Finding a compound that can reverse the silencing
The research team scoured a library of hundreds of small molecules known to target enzymes that could modify gene expression and influence the silenced OLs. The team determined that the compound ESI1 (epigenetic-silencing-inhibitor-1) was nearly five times more powerful than any other compounds they considered.
The compound tripled the levels of the desired H3K27ac histone mark in OLs while sharply reducing levels of the two repressive histone marks. Additionally, the research reveals a new way in which ESI1 promotes the creation of special membrane-less regulatory hubs known as “biomolecular condensates” within the cell nucleus that control fat and cholesterol levels. These hubs act as central points to boost the production of essential fats and cholesterol needed to make myelin, a crucial component of nerve fibers.
Demonstrating benefits in mice and lab-grown human tissue
In both aging mice and mice mimicking MS, the ESI1 treatment prompted myelin sheath production and improved lost neurological function. Testing included tracking gene activation, measuring the microscopic new myelin sheaths surrounding axons, and observing that treated mice were quicker at navigating a water maze.
Then the team tested the treatment on lab-grown human brain cells. The team used a type of brain organoid, myelin organoids, that is far more simplified than a full brain but still produces complex myelinating cells. When the organoids were exposed to ESI1, the treatment extended the myelin sheath of myelinating cells, the study reports.
Implications and next steps
MS is the most common and best known of several major neurodegenerative diseases. The new findings may spark a new approach to stopping the degenerative effects of these conditions, Lu says.
Myelin regeneration treatment also could be helpful for people recovering from brain and spinal cord injuries.

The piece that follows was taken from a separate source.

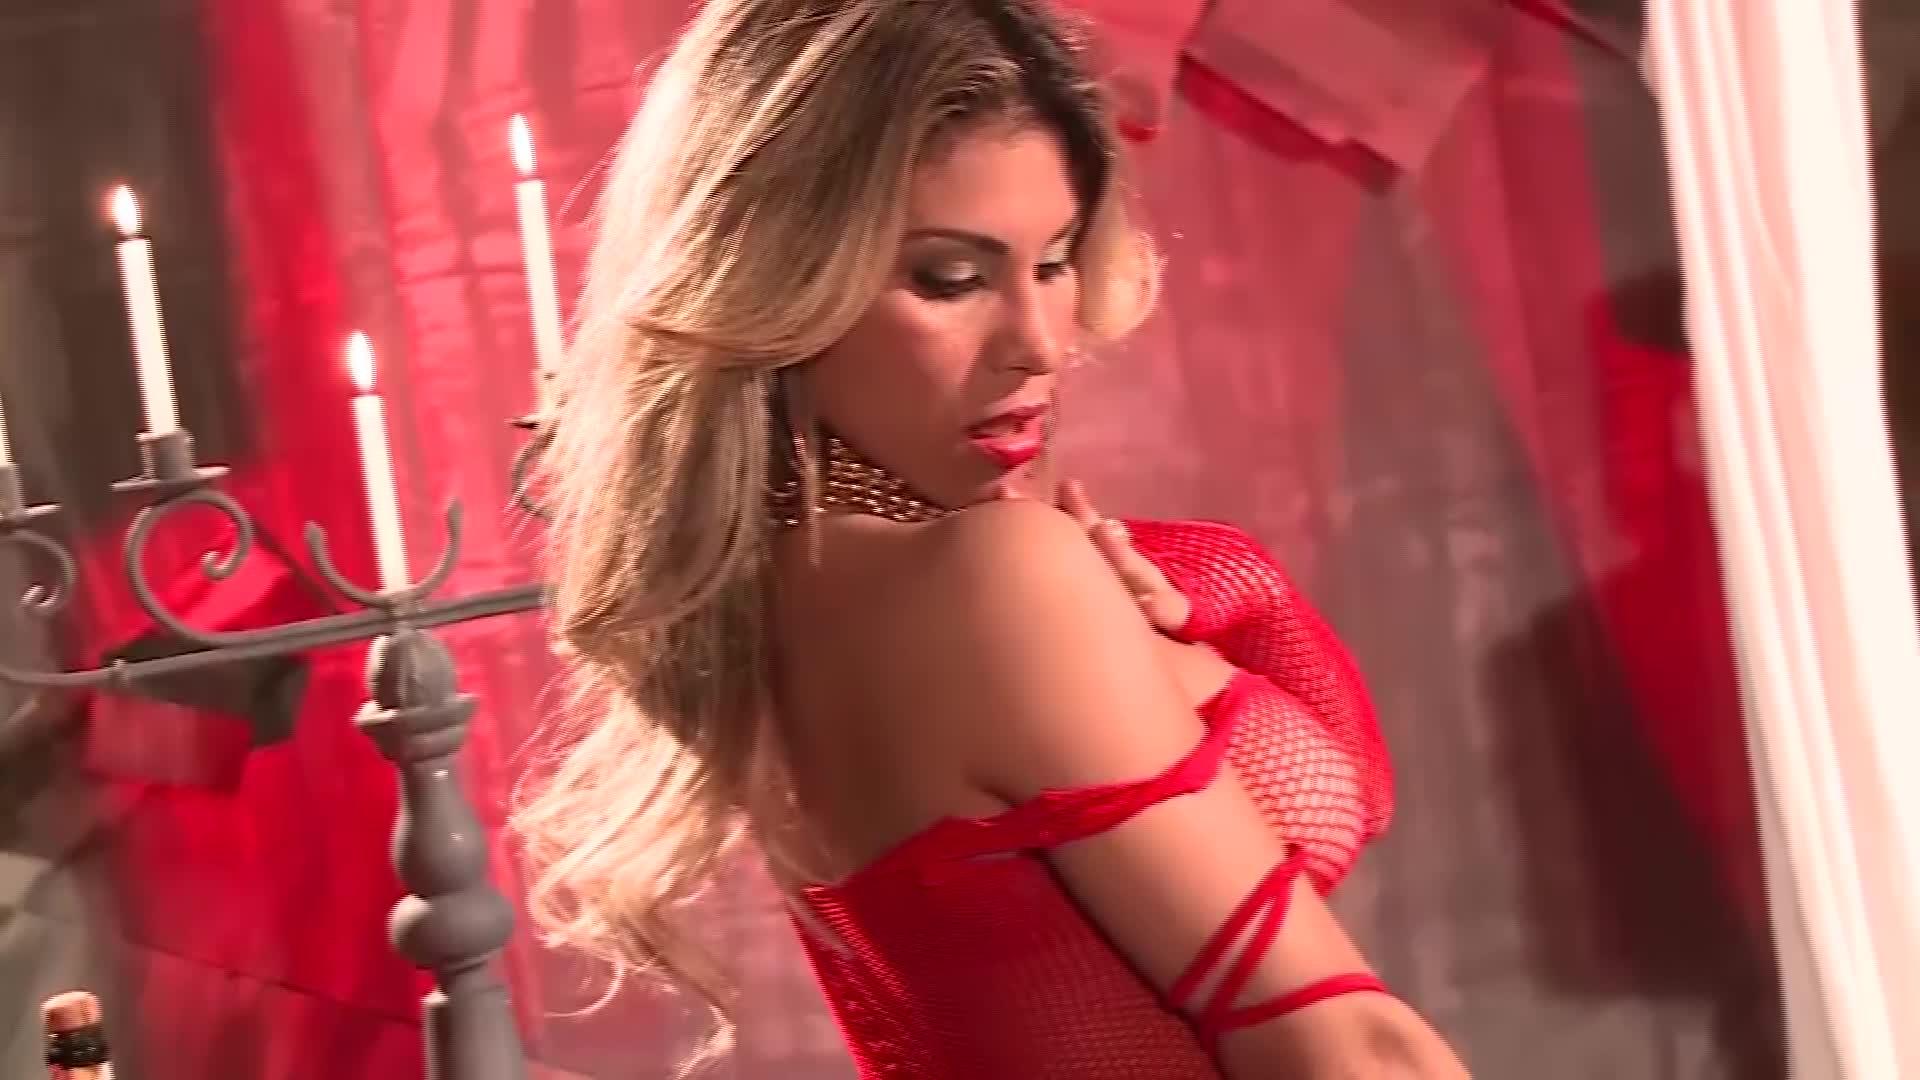 Brazilian Woman - Cindy Love

But the most far-reaching implication of the study is the possibility of using ESI1, or similar compounds, to help slow or even reverse cognitive losses that often occur during aging. Many studies have shown that myelin loss plays a role in age-related loss of cognitive function, Lu says.

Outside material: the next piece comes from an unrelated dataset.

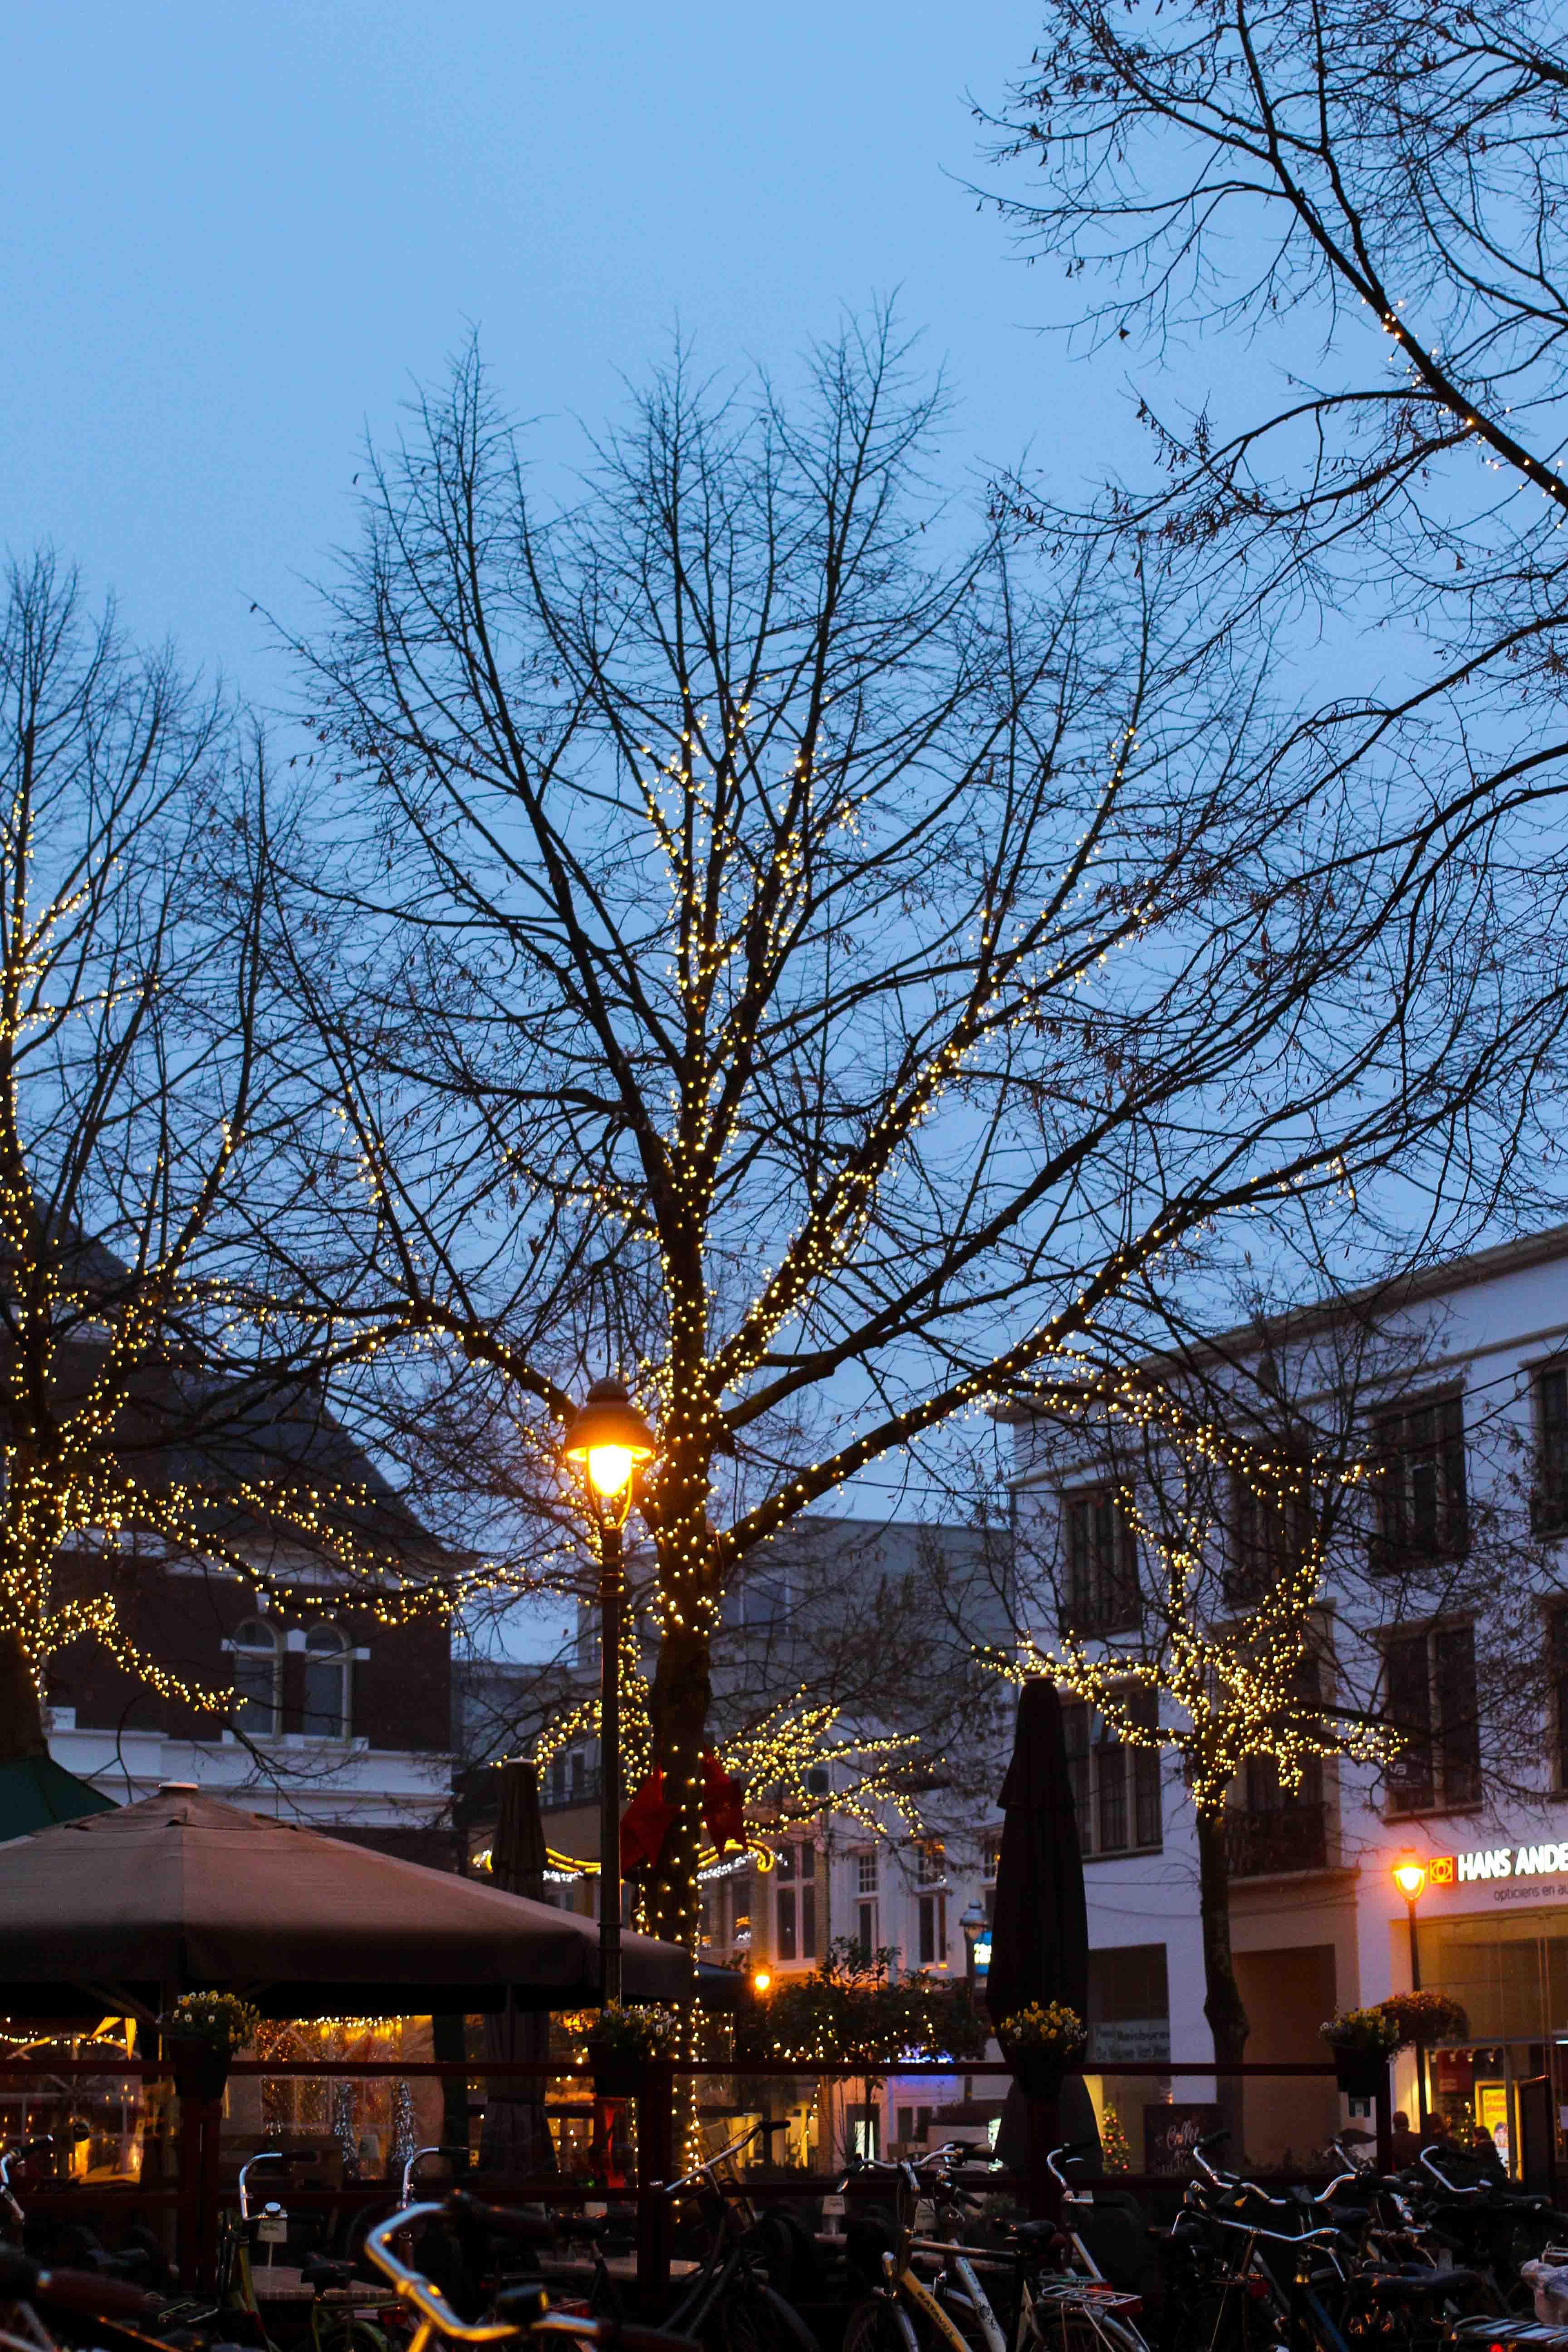 Wochenendtrip das andere Holland Kurztrip Apeldoorn Winterfair Holzbuden Ausflugsziel Holland Winterbeleuchtung

However, more research is needed to determine whether human clinical trials can be launched to evaluate ESI1 as a potential treatment. For example, the effects of ESI1 may need to be modulated by adjusting the dose, treatment duration, or using “pulsed therapy” during specific time windows. More study also is needed to determine whether even more effective compounds than ESI1 might be designed from scratch.
“This study is a beginning,” Lu says. “Prior to finding ESI1, most scientists believed that remyelination failure in MS was due to the stalled development of precursors. Now we show a proof of concept that reversing the silencing activity in OLs present in the damaged brain can enable myelin regeneration.”